His adolescent experience’s meaning and the significance of the deal with the Mayor are revealed during his morning limo commute via flash backs. Ethan recalls hell hounds chasing him into a giant Ferris Wheel that eerily re-animates, terrifying his teenage friends as it spins wildly to the top and free-falls. He remembers climbing “The Typhoon” and being terror-struck by phantom coasters that nearly blow them over the railings.
Young Ethan splits from his friends to roam the midway alone, experiencing the park as if it were alive. The deserted “Happyland” bombards Ethan with sights and sounds from its past in a dreamlike collage of sensations that send him reeling from one apparition to another.
He is sickened by a ghostly Bundtist rally in an old pavilion and flees, staggering into a funhouse pervaded by Nazi occult. He is snared in its evil maze, lost and terrified deep within its bowels. Young Ethan escapes the haunted “Geisthaus”, to see his friends on an ancient, mystical carousel, operated by a hooded satanic figure that spins the sinister ride out of control. When it eventually stops, he discovers his friends morphed into withered old men who wander into the darkness.

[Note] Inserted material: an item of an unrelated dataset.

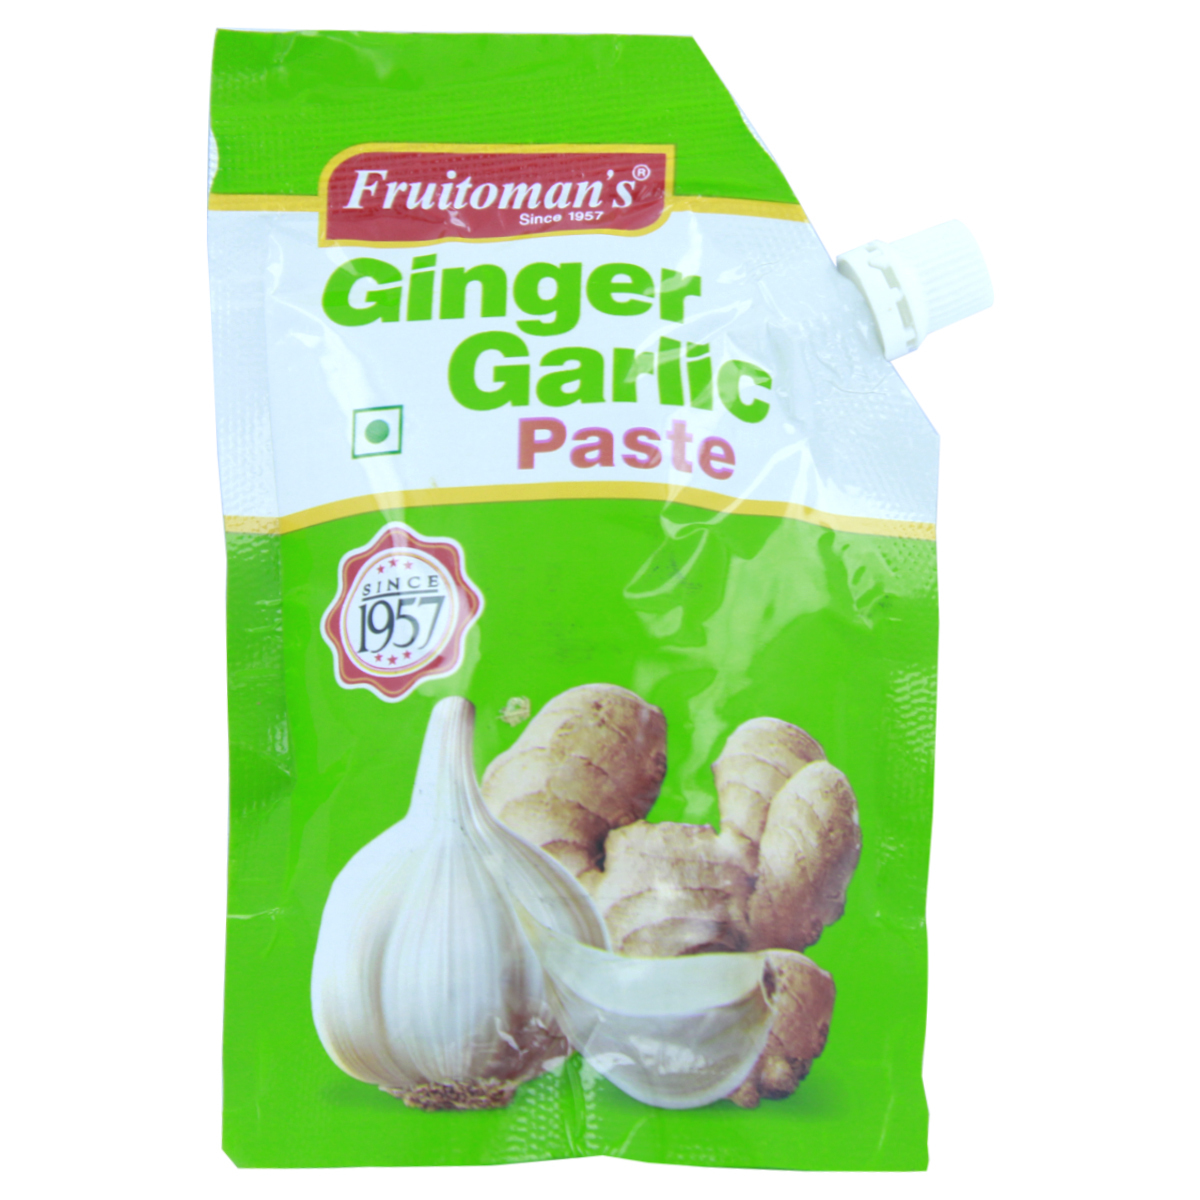 Fruitoman's Ginger Garlic Paste 100g

The hooded man beckons Ethan to take his turn. Ethan runs for his life, barely escaping the wild dogs that had returned for new prey. His friends are discovered the next day, some partly devoured by the dogs, others diminished to a helpless state, unable to explain their transmutation. The ancient ones all die within weeks, except for Pee Wee, who Ethan visits faithfully in a nursing home. Hoary and old, Pee Wee can’t fathom his age, pleading for his parents to reclaim their forsaken son. They don’t recognize the old man insisting to be their child and Pee Wee dies alone.
In a return to the present we learn that Ethan had torn down Happyland years ago, raising his first condos on its unholy plot to obliterate the past.
Why does a man, admired for his elegance and strength, regress to over-the-top satirical rants, adolescent mischief and violence, on what is usually a dull commute? In a tailored suit, for the biggest meeting of his life, why does Ethan have a football romp with a former NFL quarterback? Why does Ethan stand through the sunroof of his limo to burlesque a bible-thumping sermon to a stunned crowd waiting for a bus? Why does he sink into a cynical, off-kilter rant at a pretentious coffeehouse that outrages its staff?
Perhaps it was reliving that fateful evening that induced a transformation that dismantled Ethan's stone façade as a businessman and began his resurrection as a human being.